Wilding spoke up for the first time, his voice harsh with the anger that controlled grief. ‘There’ve been some underhand dealings, that’s why. They were never going to the Southbank. I’ll bet they went to Notting Hill, and got in with some bad hats, and Zellah’s paid the price. We’ve been lied to, made fools of by the Cooper-Hutchinson girl and her cronies. I knew no good would come of this!’ His voice began to rise, and he looked at his wife with near hatred. ‘But you – you took her side, like you always do.
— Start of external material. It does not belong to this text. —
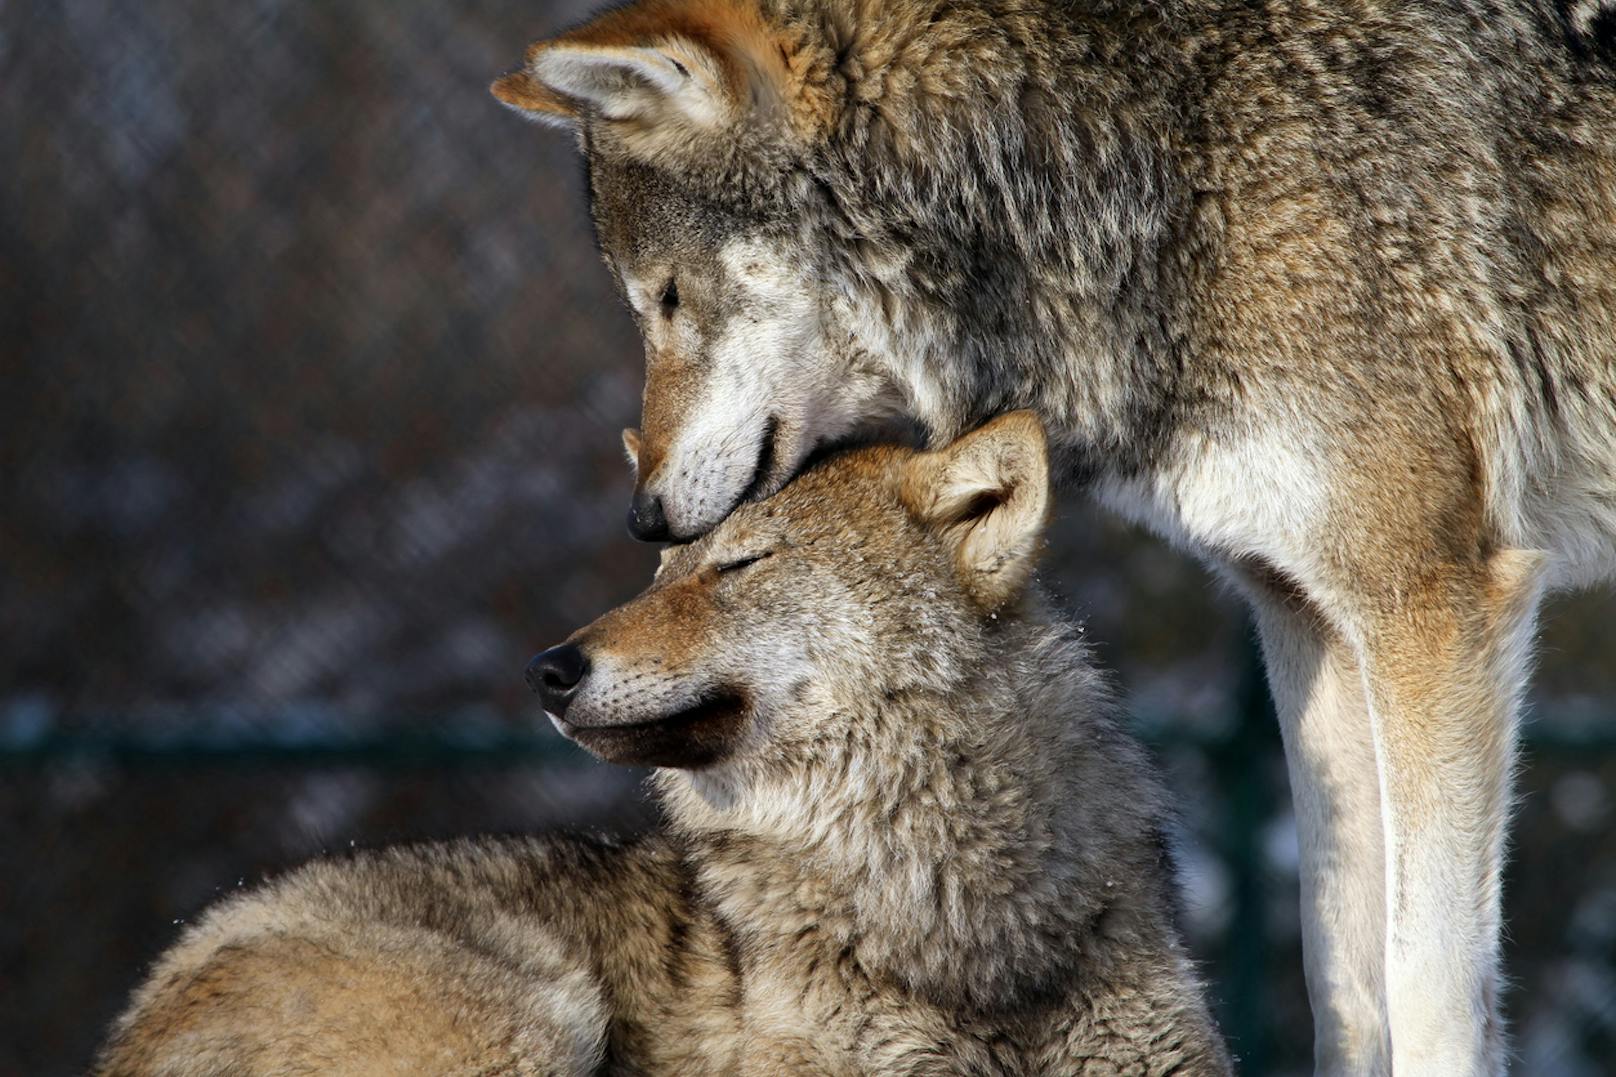 <strong>Wölfe. </strong>Vor 100 Jahren wurden Wölfe in Österreich ausgerottet. Heute sind sie europaweit streng geschützt und kehren auf natürliche Weise langsam wieder in den Alpenraum zurück. Lediglich 30 bis 35 Individuen gibt es in Österreich. Doch obwohl von der Art keine Gefahr für den Menschen ausgeht und Nutztiere durch Zäune oder Hunde geschützt werden können, wollen ihr manche erneut an den Kragen. <strong>Im letzten Jahr wurde ein Wolf in Tirol illegal geschossen und sogar enthauptet aufgefunden. In Niederösterreich ist ein ganzes Rudel verschwunden.</strong>

You insisted, you with your “Zellah has to make the right sort of friends!” Yes, the sort of friends who lie to their parents, conspire behind your back. I
said
she was too young! She wasn’t like them – sly and worldly and selfish, like that Sophy creature, and those others that hang around with her. All they wanted to do was to corrupt her – and you connived at it! I blame you for this! If I’d had my way she wouldn’t have gone out at all. She’d still be alive!’